- Flag of East Timor
- Date: 25 October 1999
- Meeting no.: 4,057
- Code: S/RES/1272 (Document)
- Subject: The situation in Timor
- Voting summary: 15 voted for; None voted against; None abstained;
- Result: Adopted

Security Council composition
- Permanent members: China; France; Russia; United Kingdom; United States;
- Non-permanent members: Argentina; Bahrain; Brazil; Canada; Gabon; Gambia; Malaysia; Namibia; Netherlands; Slovenia;

= United Nations Security Council Resolution 1272 =

United Nations Security Council resolution 1272 was adopted unanimously on 25 October 1999, after recalling previous resolutions on East Timor (Timor Leste), particularly resolutions 384 (1975), 389 (1976), 1236 (1999), 1246 (1999), 1262 (1999) and 1264 (1999). The council established the United Nations Transitional Administration in East Timor (UNTAET) that was responsible for the administration of the territory until its independence in 2002.

==Resolution==
===Observations===
The security council noted the decision of the East Timorese people in the Special Autonomy Referendum to begin a process of transition under United Nations administration towards independence. The International Force for East Timor (INTERFET) was now deployed and continued co-operation was needed between the Indonesian government and INTERFET. Meanwhile, the council was concerned at the deteriorating humanitarian situation as a result of violence in East Timor which had caused large-scale displacement of civilians and widespread violations of international humanitarian and human rights law.

===Acts===
Acting under Chapter VII of the United Nations Charter, the Council authorised the establishment of UNTAET which would have full responsibility for the administration of East Timor and control of the executive, legislative and the administration of justice.

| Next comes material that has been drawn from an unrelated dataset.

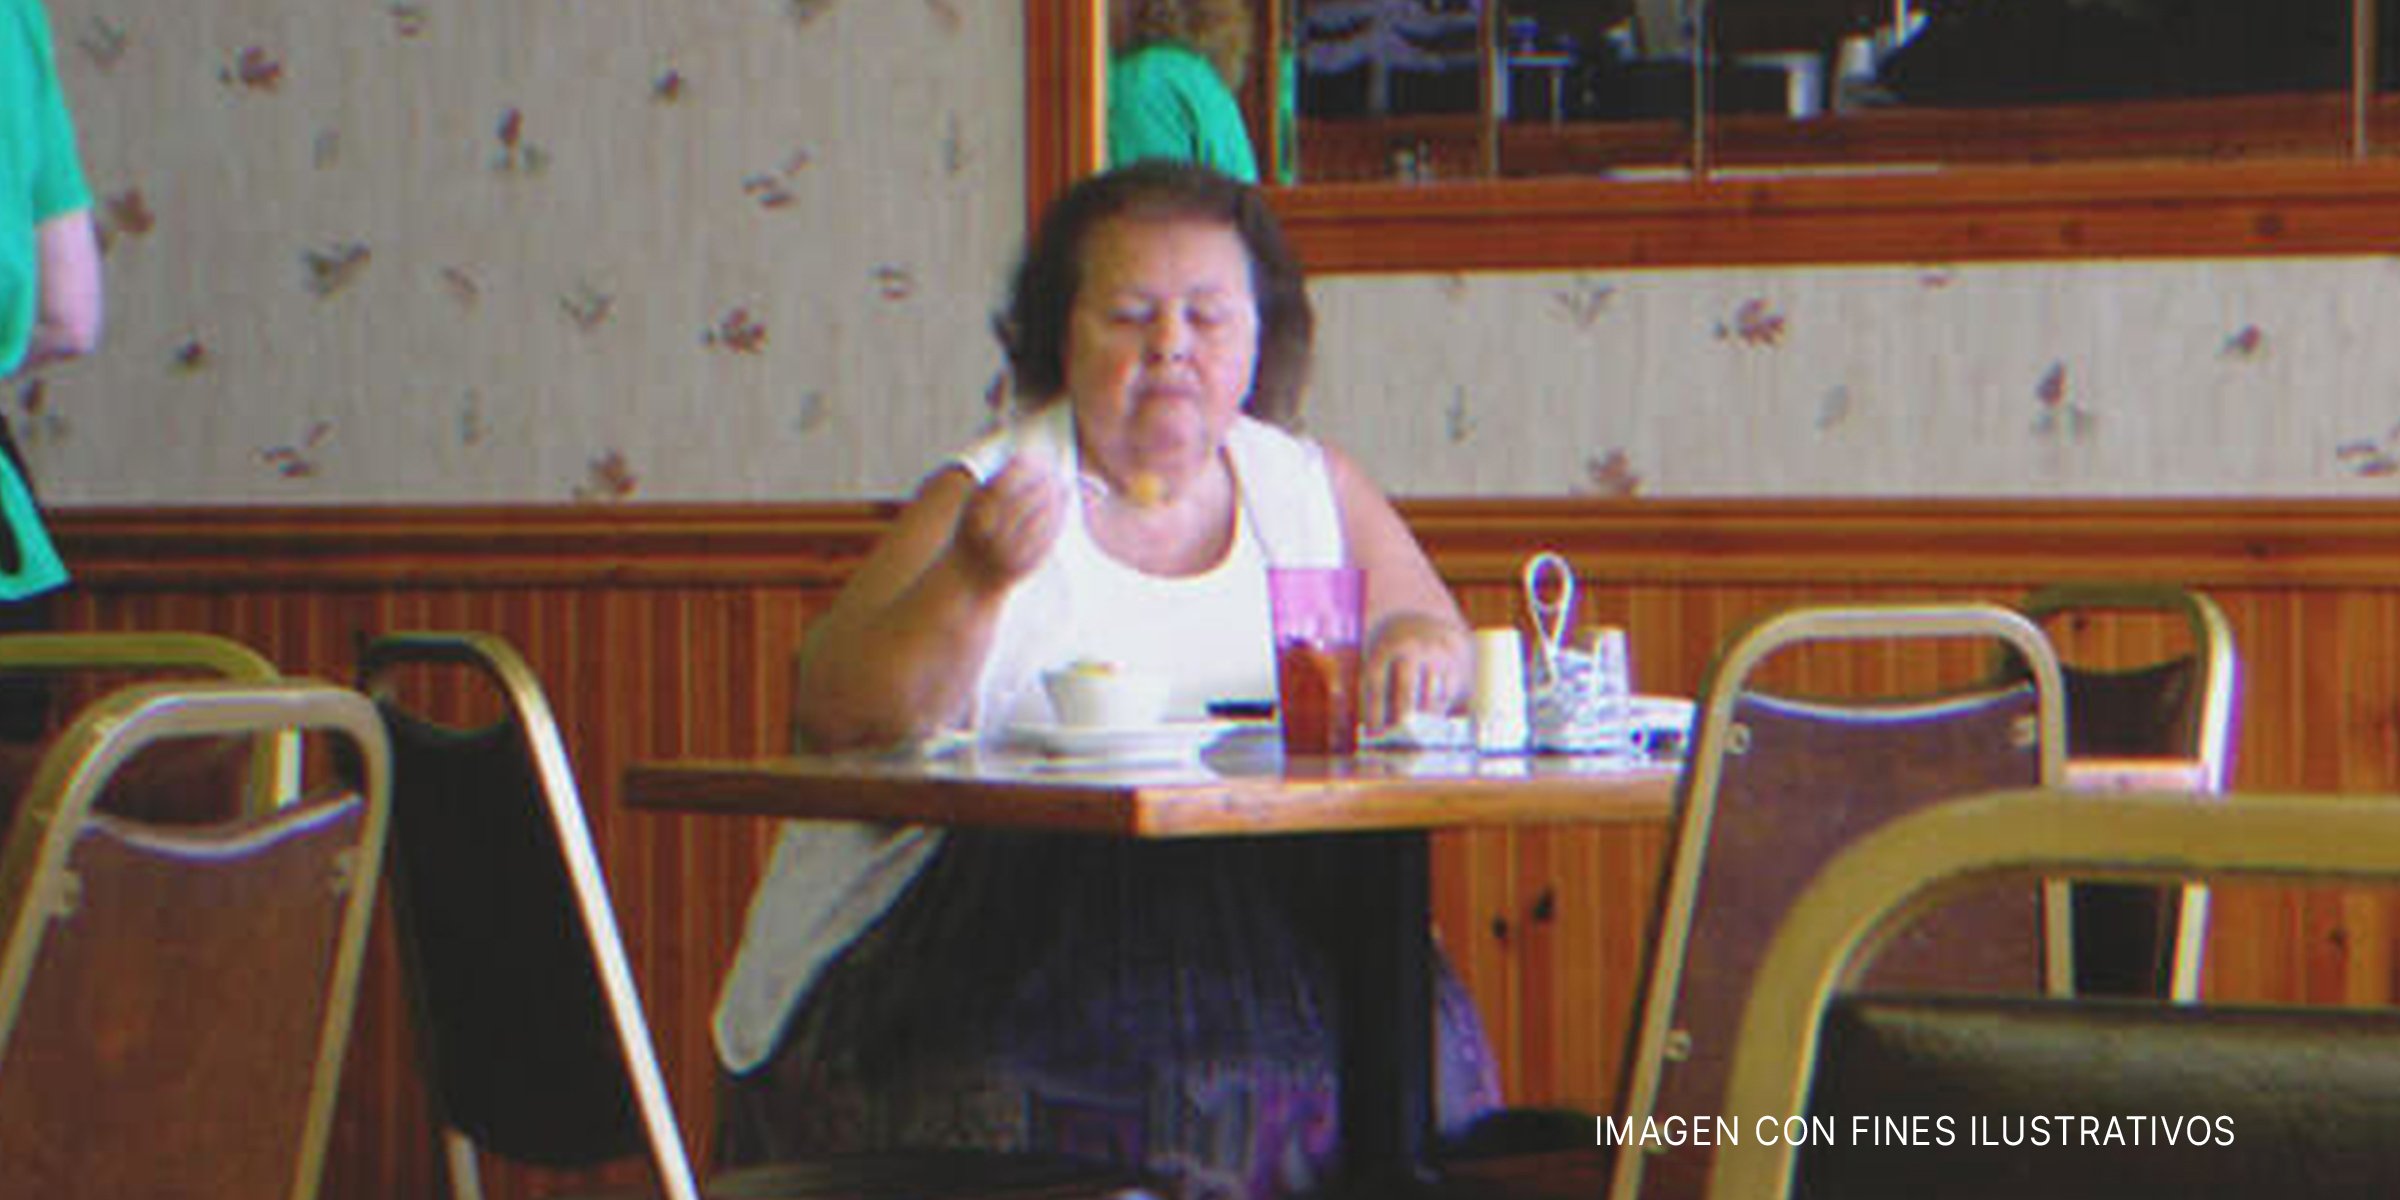 Mujer comiendo en un restaurant | Foto: flickr.com/joguldi (CC BY 2.0)
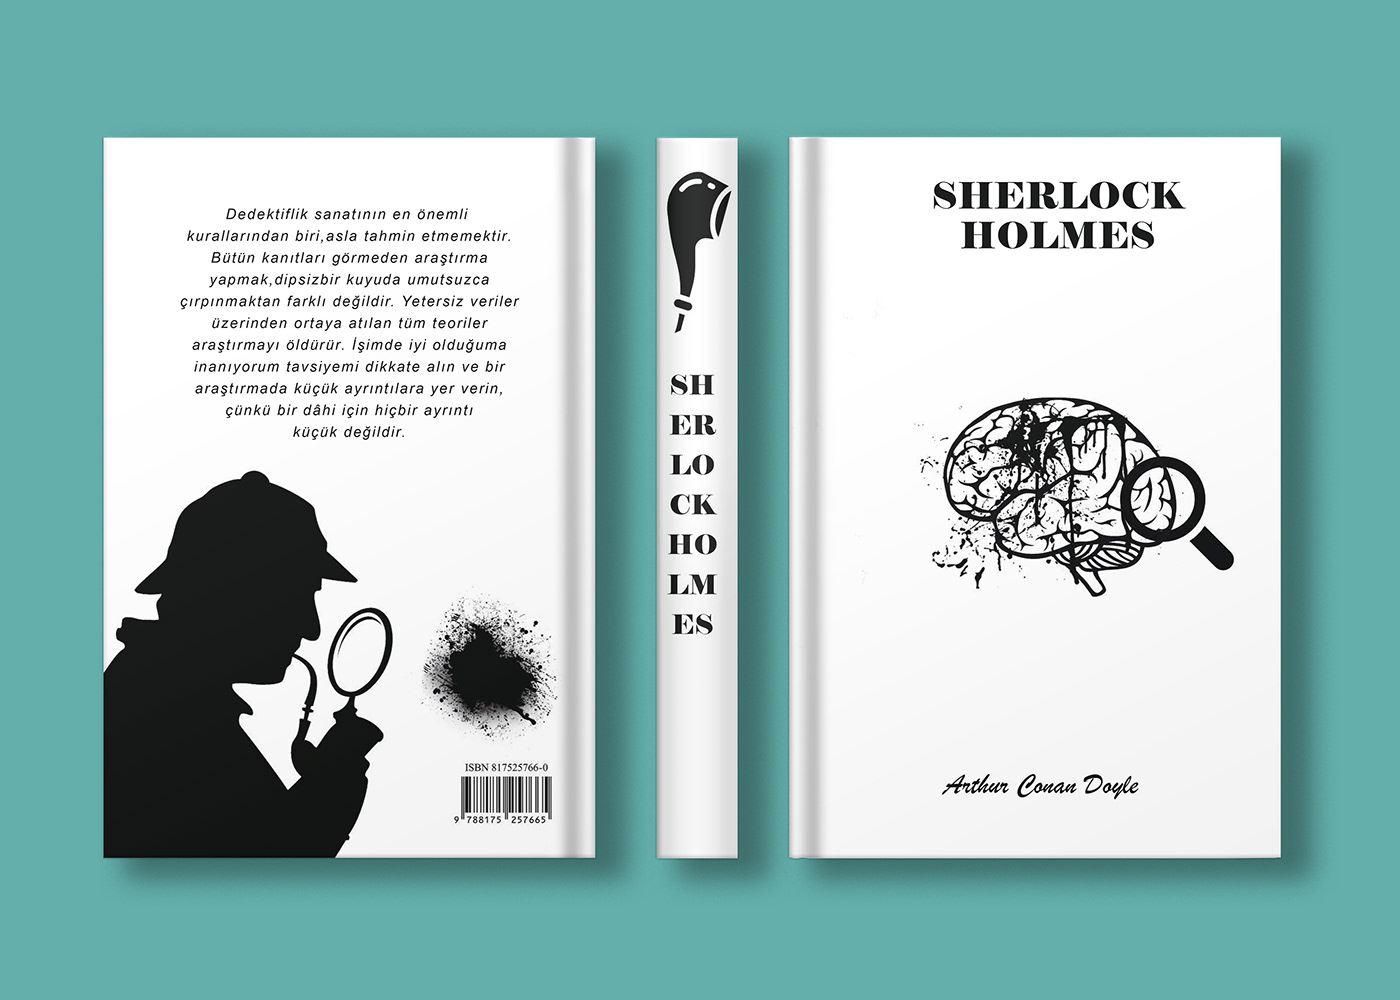 Book Cover Design book design books cover design design kapak tasarımı Kitap Kapağı Sherlock Holmes sherlock holmes book Sherlock Holmes Detective

UNTAET would also maintain law and order, assist in the development of the civil services, facilitate the delivery of humanitarian assistance, support capacity-building and establish an effective administration and conditions for sustainable development. The main components of UNTAET would consist of:

(a) a governance and public administration component including 1,640 police;
(b) a humanitarian component;
(c) a military component with 8,950 troops and 200 military observers.

Additionally, UNTAET was authorised to take all necessary measures to fulfill its mandate. The Secretary-General Kofi Annan was to appoint a Special Representative to head the operation and who would have the power to make new laws and suspend or repeal existing ones.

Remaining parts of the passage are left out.